'The best books, reviewed with insight and charm, but without compromise.'
- author Jackie French

Wednesday 4 August 2010

Guest Post - Spies, Ghosts and Flooded Cities: A Day in the Life of a Children's Author

by author Deborah Abela.

I love writing for kids but it’s a complete accident that I’m here. Years ago I worked for the script department of Network TEN. It was a great job and was leading me nicely to my goal of writing for adult TV. What I didn’t count on was making friends with the producer of a kids’ show called Cheez TV.

As the show became bigger and more successful, she needed an Assistant Producer and asked me if I was interested. It all seemed so obvious. I loved the show and Jan always seemed to be having fun, so it took very little thought. I signed up and wondered why I hadn’t thought of it before. I worked on Cheez TV first as AP then writer/producer before leaving almost ten years ago to write novels for kids.

I love writing for kids. Their sense of humour, their willingness to go with you on a story, to engage so intensely with the characters but also, their refusal to be spoken down or condescended to.

Each of the novels I have written so far, have a few things in common. All have kids who lead the action and have a life I would LOVE to have.
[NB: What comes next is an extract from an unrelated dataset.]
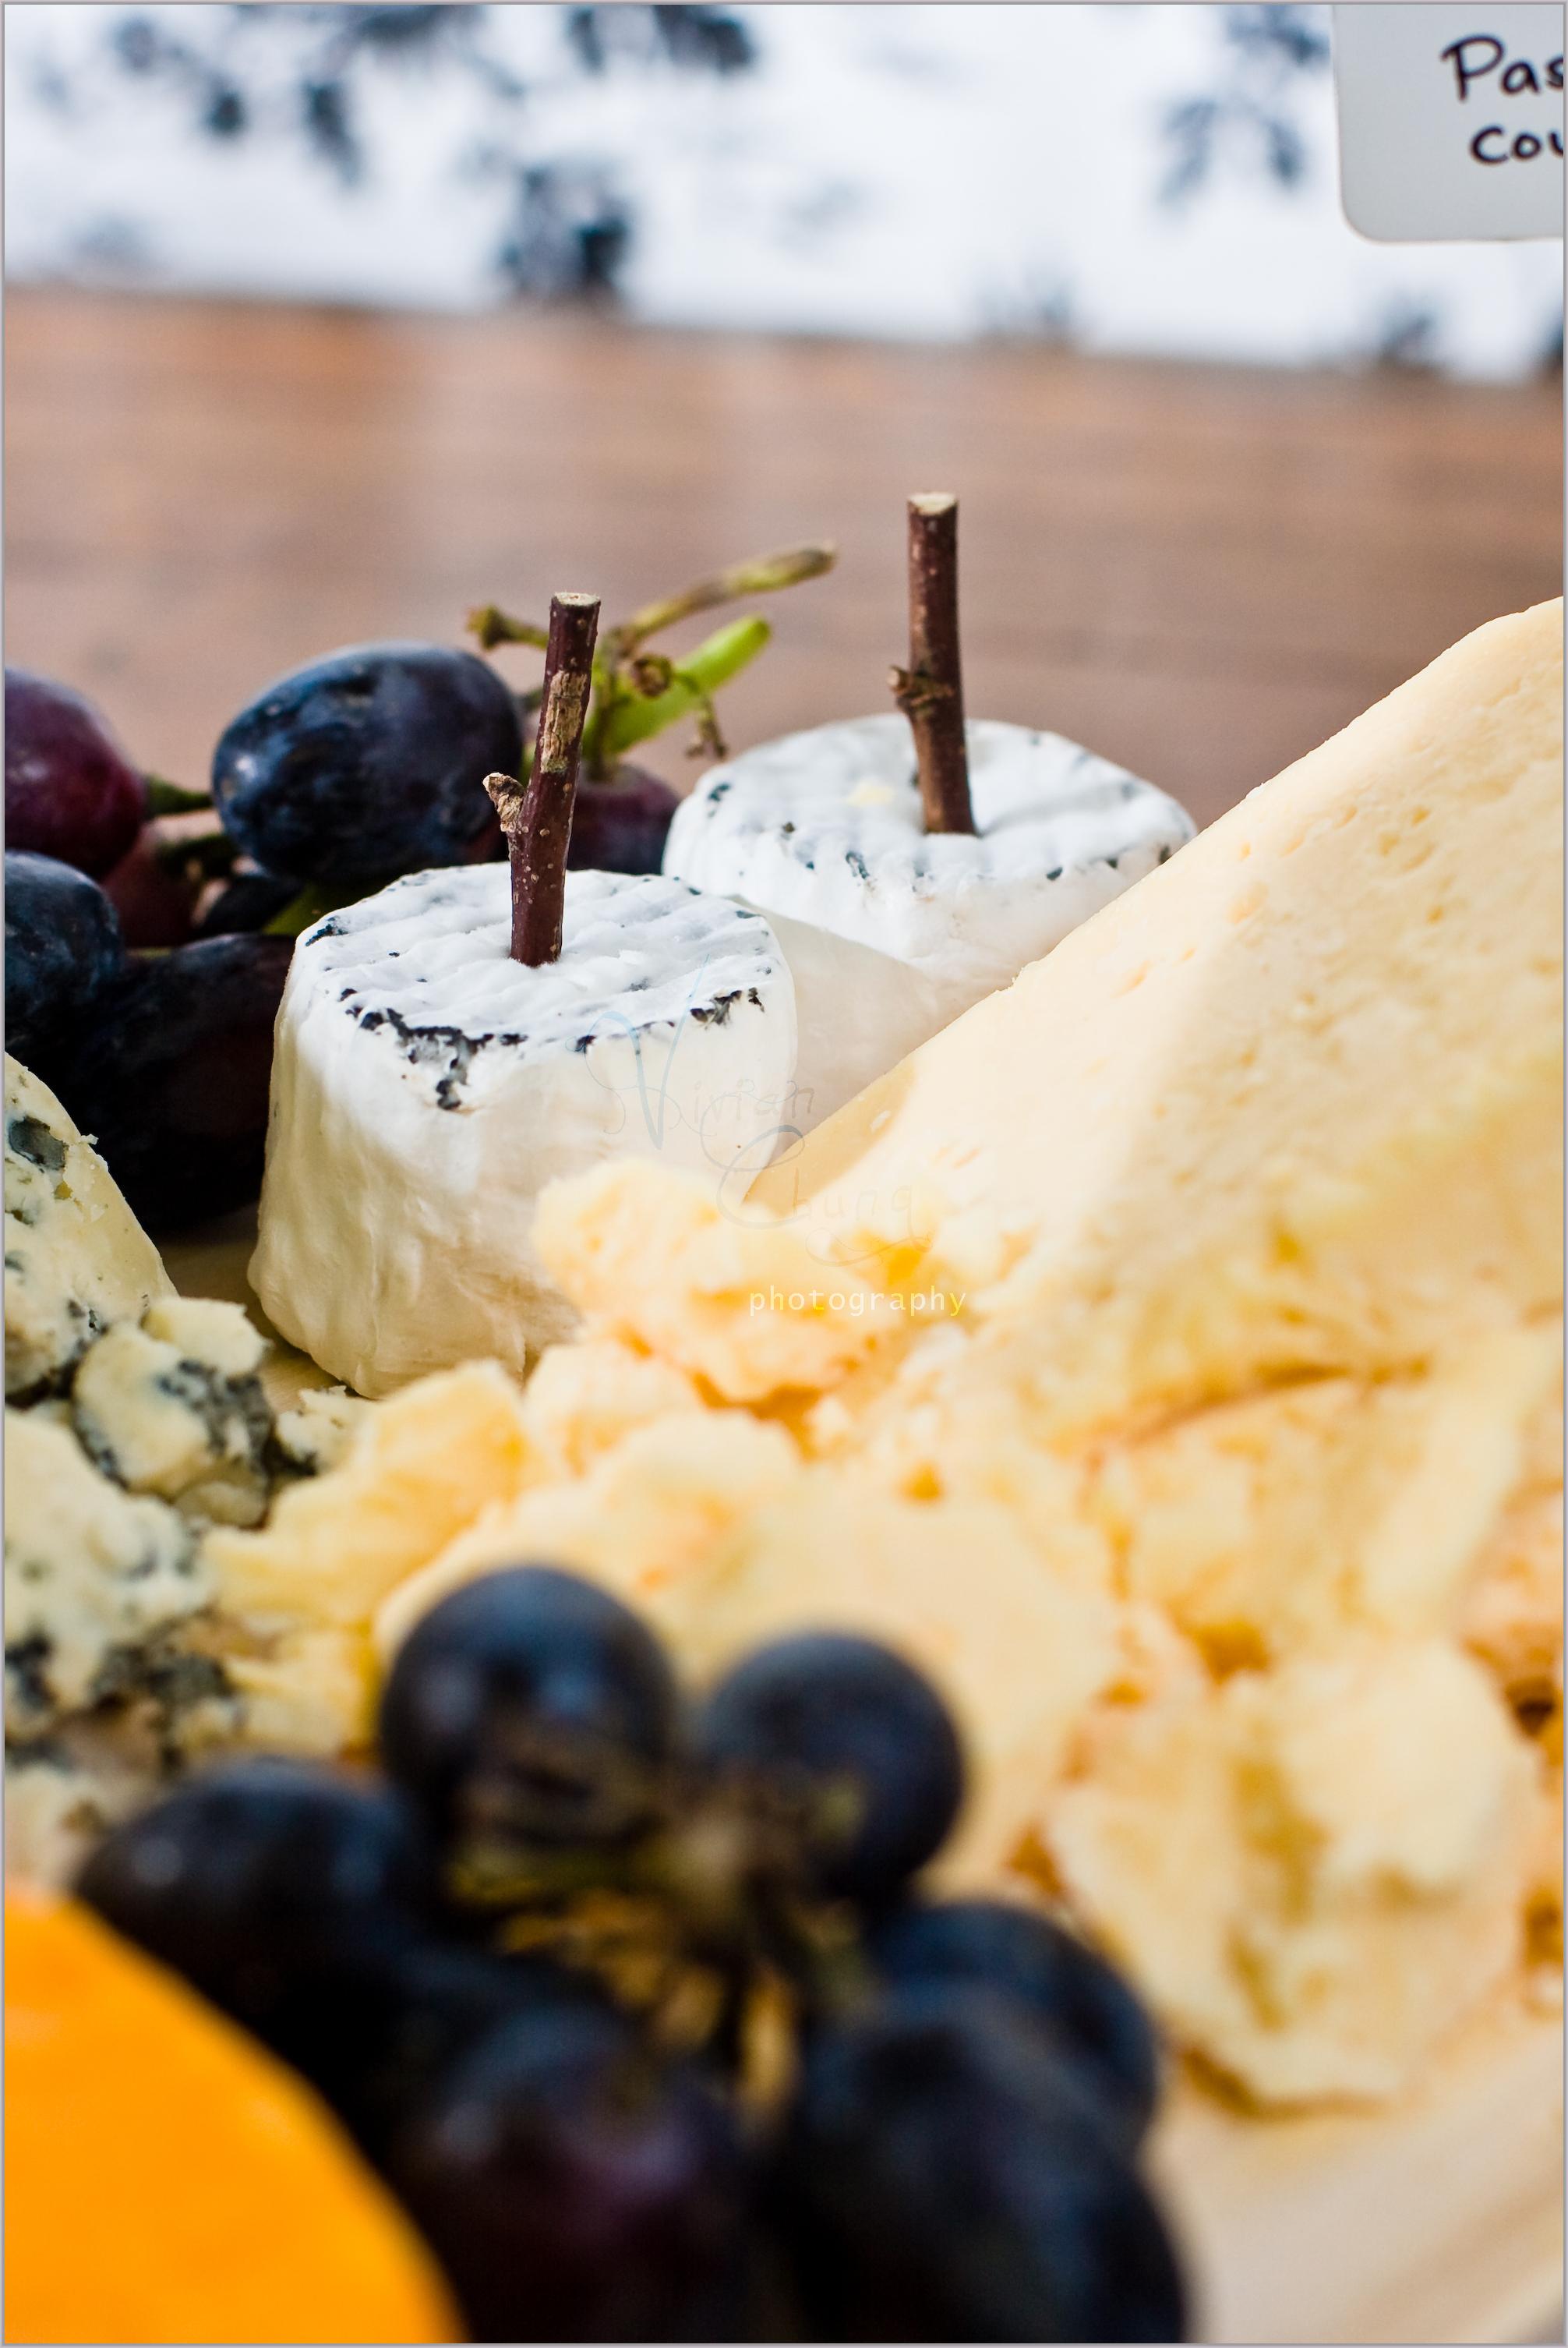 mpc-cheese-platter-361

Whether it’s Superspy Max Remy, Aurelie and her ghosts who live on a seaside pier amusement park or the kids of Grimsdon living in a flooded city, flying Aerotropes and sailing in Velocrafts.

Most of my books have begun because of a character who came to my head, (and wouldn’t leave) or because of my love of spies or fondness for the stories my nanna told me as a kid about seeing ghosts all over her house.

Grimsdon, however, came about because of my frustration with governments all over the world, including ours, not doing very much about climate change. I thought, what if we woke up one day and everything we knew had changed? If what we cared about most had been taken away from us? What then?

Grimsdon is a London-esque city that lies in ruins. Three years ago a massive wave broke its barriers and the city was left flooded. Most were saved, some were lost and others were left behind.

Isabella Charm and her best friend Griffin live with three other kids in the top of an abandoned mansion. They’ve survived with the help of Griffin’s brilliant inventions, Isabella’s survival skills and their vow to look after each other.

The kids find new ways to create power, find food, defend themselves against thieving and kidnapping adults as well as sneaker waves and sea monsters.

When I pitched Grimsdon to Random House, I was sure they would take another novel I’d pitched. They politely nodded at that one and asked what else I had. I told them about Grimsdon and they loved it. The images it created in their heads sold them on it. What they didn’t know was that it was a very vaguely formed idea that had a long way to go before I was even ready to begin writing chapter one. I was worried I’d created this project that was bigger than me, that if I didn’t do it right, it was all going to disappear beneath murky ideas and half baked notions.

But like all projects I begin, instead of worrying whether I could deliver, I got to work and concentrated on each day, each dilemma, each scene and character. Soon enough whole chapters form, flying machines are built, characters make me laugh, buildings collapse and cities flood. Brilliant.

Grimsdon, in a way, is a departure from what I’ve written before, although in other ways, it’s a more swashbuckling, action-packed adventure than Max Remy with the heroine Isabella being much more in control and very good with swords…especially if boys or adults annoy her.

Even though this is a book about what may happen if we don’t take more care of the planet, I was really keen for it not to be a grim, disaster novel – there have been a few post-apocalyptic films and stories in the last few years and even though my characters face a world that has changed, there is still a lot to be hopeful about, including the fact that these courageous kids will be our future.

There are moments when the kids face kidnappers, where their lives are threatened by collapsing buildings and even where they come face-to-face with sea monsters, but they always come through, if not at times a little soggy and bruised, but the main reasons they survive is because they have each other, they act courageously, even when they are scared, and they stick to what they truly believe is important.

I’ve been writing for kids for over 17 years because of a happy accidental meeting in the corridors of Network TEN. I sit here with my spies, soccer players, ghosts and lost children of the flooded city of Grimsdon and it is a very nice place to be.